We use the Australian Community and Earth System Simulator (ACCESS1.3b) to conduct the GLACE-CMIP5 experiment. This experiment uses prescribed soil moisture experiments over the CMIP5 period to investigate effects of changes in soil moisture content and soil moisture-climate coupling for future climate projections (Seneviratne et al., 2013). It focuses on two experiments: one where soil moisture is prescribed by the climatology from 1971-2000 from the control simulation with interactive soil moisture; and one where soil moisture is prescribed by the transient climatology (running means over 30-year periods).
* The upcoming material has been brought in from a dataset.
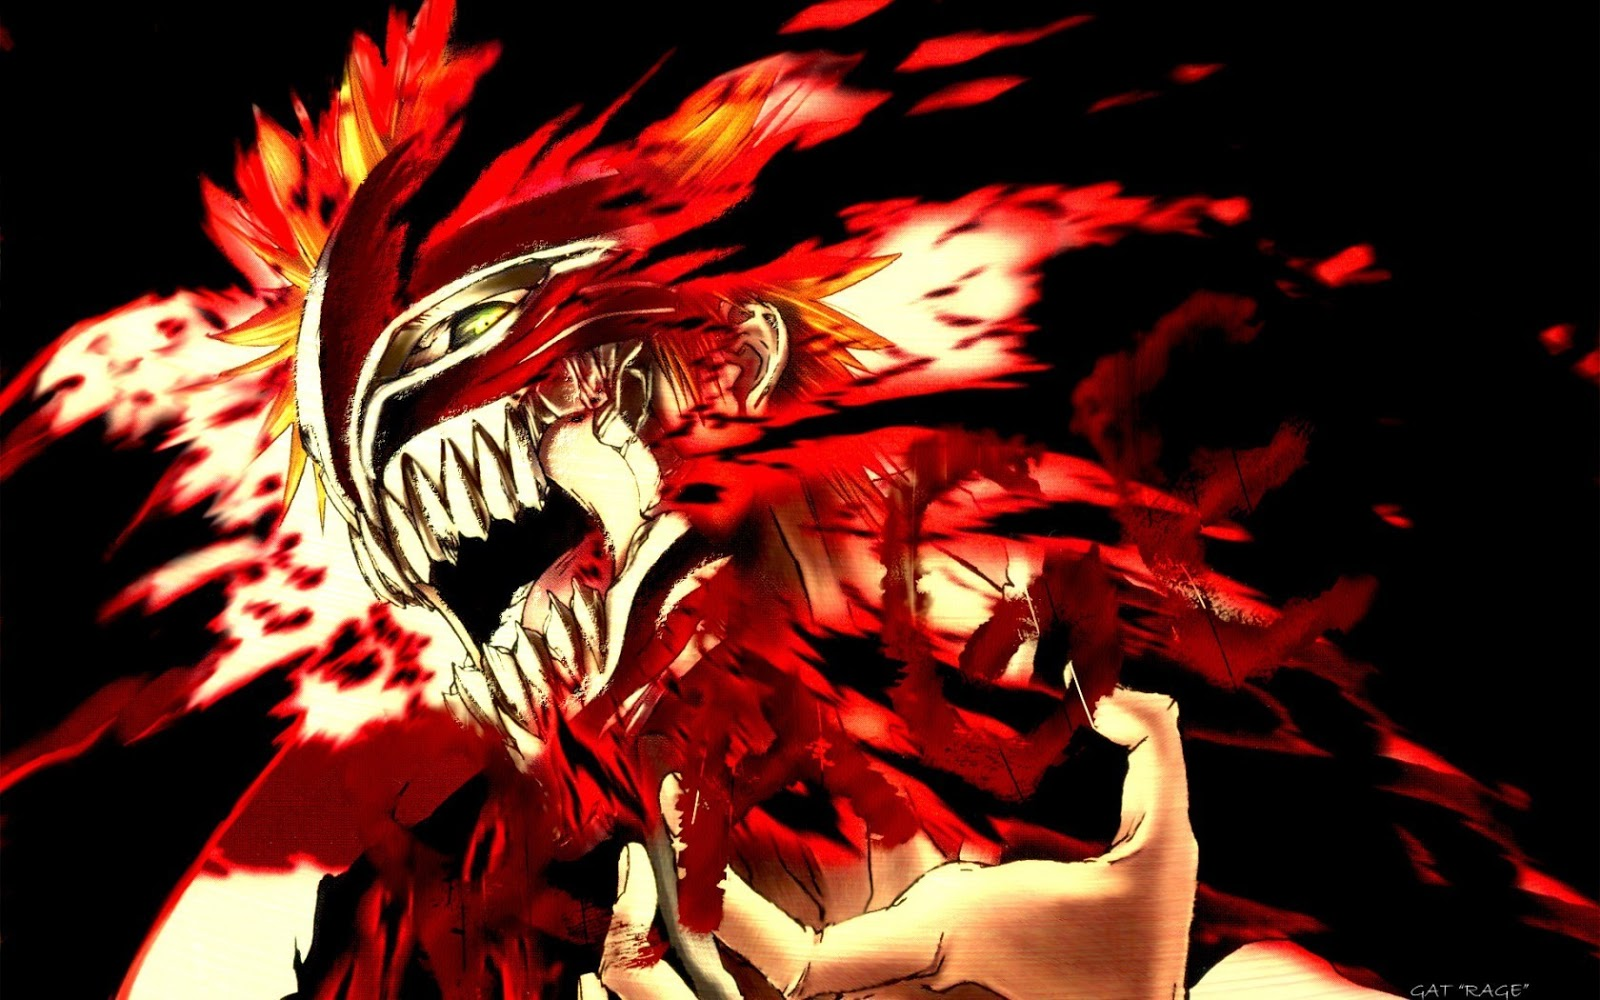 Amazing Anime Wallpapers - WallpaperSafari

In addition, we run the GLACE-1 experiment (Koster et al., 2006) with ACCESS1.3b. We run four ensembles of three-monthly model runs, two ensembles for one summer season per hemisphere. For both hemispheres we calculate one ensemble where soil moisture is calculated interactively and one where soil moisture is prescribed every timestep. Hence, we decouple the land from the atmosphere in the latter model runs. We compare the different coupling measures and investigate ACCESS’s coupling strength.
We find similar regions of strong coupling for precipitation and temperature in ACCESS compared to the original GLACE-1 experiments. In addition, we find regions of strong coupling for austral summer in tropical regions. This signal is particularly strong for daily maximum temperatures.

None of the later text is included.